Setelah melalui
tahapan yang panjang, mulai dari tes administrasi dan berbagai bentuk tes
lainnya, penetapan kelulusan dan akhirnya Pemerintah Kabupaten Natuna melalui
Badan Kepegawaian, Pendidikan dan Pelatihan menggelar penyerahan Surat
Keputusan Calon Pegawai Negeri Sipil (PNS) dari Formasi Umum Tahun 2018
dilingkungan Pemerintah Kabupaten Natuna.
Kegiatan tersebut digelar di
Gedung Sri Serindit, Ranai, kamis (04/04) pagi yang dihadiri pula oleh segenap
Pimpinan Organisasi Perangkat Daerah dan Camat dilingkungan Pemerintah
Kabupaten Natuna
Bupati Natuna yang ketika itu
diwakili Sekretaris Daerah, Wan Siswandi mengatakan
Momentum ini patut disyukuri serta kedepan diwajibkan
memahami haknya, kewajiban serta larangan sebagaimana yang diatur dalam UUD
Nomor 5 Tahun 2014 Tentang ASN dan Peraturan Pemerintah Nomor 11 Tahun 2017
Tentang Management PNS.
Wan Siswandi juga menambahkan
bahwa sebagai ASN memiliki fungsi dasar, yaitu sebagai Pelaksana Kebijakan
Publik, Pelayanan Public, Perekat dan Pemersatu Bangsa yang berlandaskan pada
Asas Prinsip nilai dasar serta kode Etik dan kode perilaku yang berlaku.
Ditegaskan pula bahwa seluruh CPNS
yang baru dilantik telahpun menandatangani kesediaan mengabdi selama 10 tahun
dan tidak diperkenankan mengajukan permohonan pindah dengan alasan apapun
sebelum sampai waktu yang sudah dituangkan dalam surat pernyataan tersebut.

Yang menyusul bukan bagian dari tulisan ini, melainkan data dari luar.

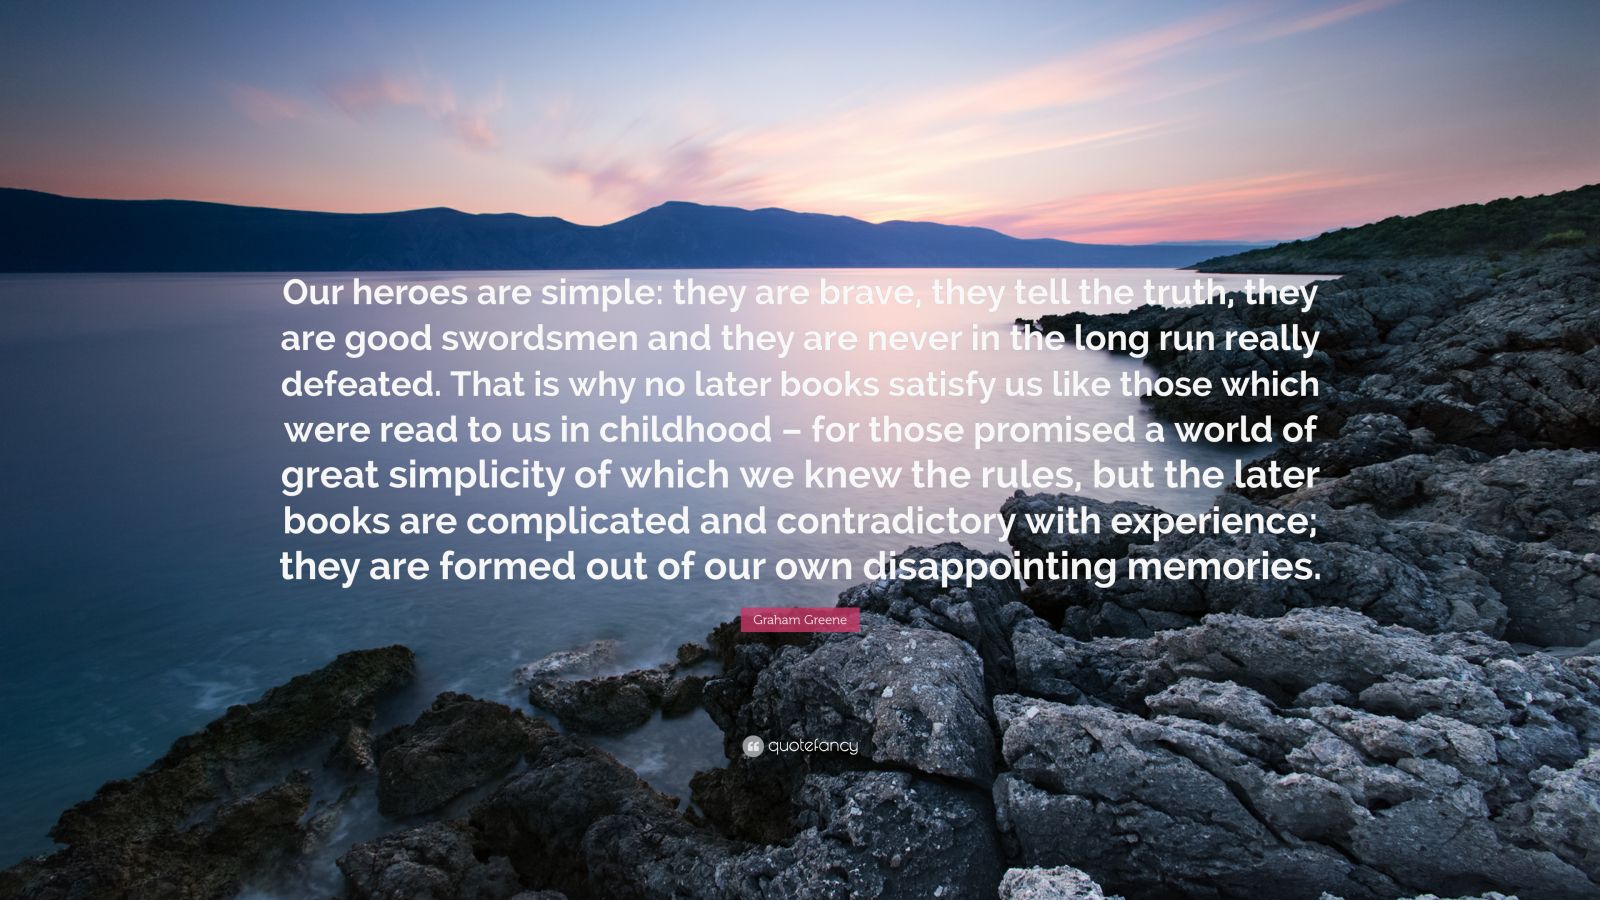 Graham Greene Quote: “Our heroes are simple: they are brave, they tell ...

Adapun seleksi penerimaan CPNS
dilingkungan Pemerintah Kabupaten Natuna diselenggarakan berdasarkan Keputusan
Menteri Pendayagunaan Aparatur Negara dan Reformasi Birokrasi Nomor 629 Tahun
2018 Tentang Kebutuhan Pegawai Aparatur Sipil Negara di Lingkungan Kabupaten
Natuna Tahun Anggaran 2018, dengan jumlah formasi sebanyak 290 orang, orang
dengan rincian tenaga guru 160, tenaga Kesehatan 100 dan tenaga teknis 30 orang
dengan pelamar sebanyak 2072 orang.
Melalui seleksi tersebut, jumlah penerima SK CPNS yang dinyatakan lulus sebanyak 260 peserta yang selanjutnya mendapatkan pertimbangan teknis penetapan Nomor Induk Pegawai (NIP) berjumlah 259 orang dengan rincian tenaga guru 154 orang, tenaga Kesehatan 78 orang dan tenaga Teknis sebanyak 27 orang. Sementara 1 orang dari formasi tenaga guru meninggal Dunia pada saat proses pengusulan NIP. (Humas_P/Diana & Sri)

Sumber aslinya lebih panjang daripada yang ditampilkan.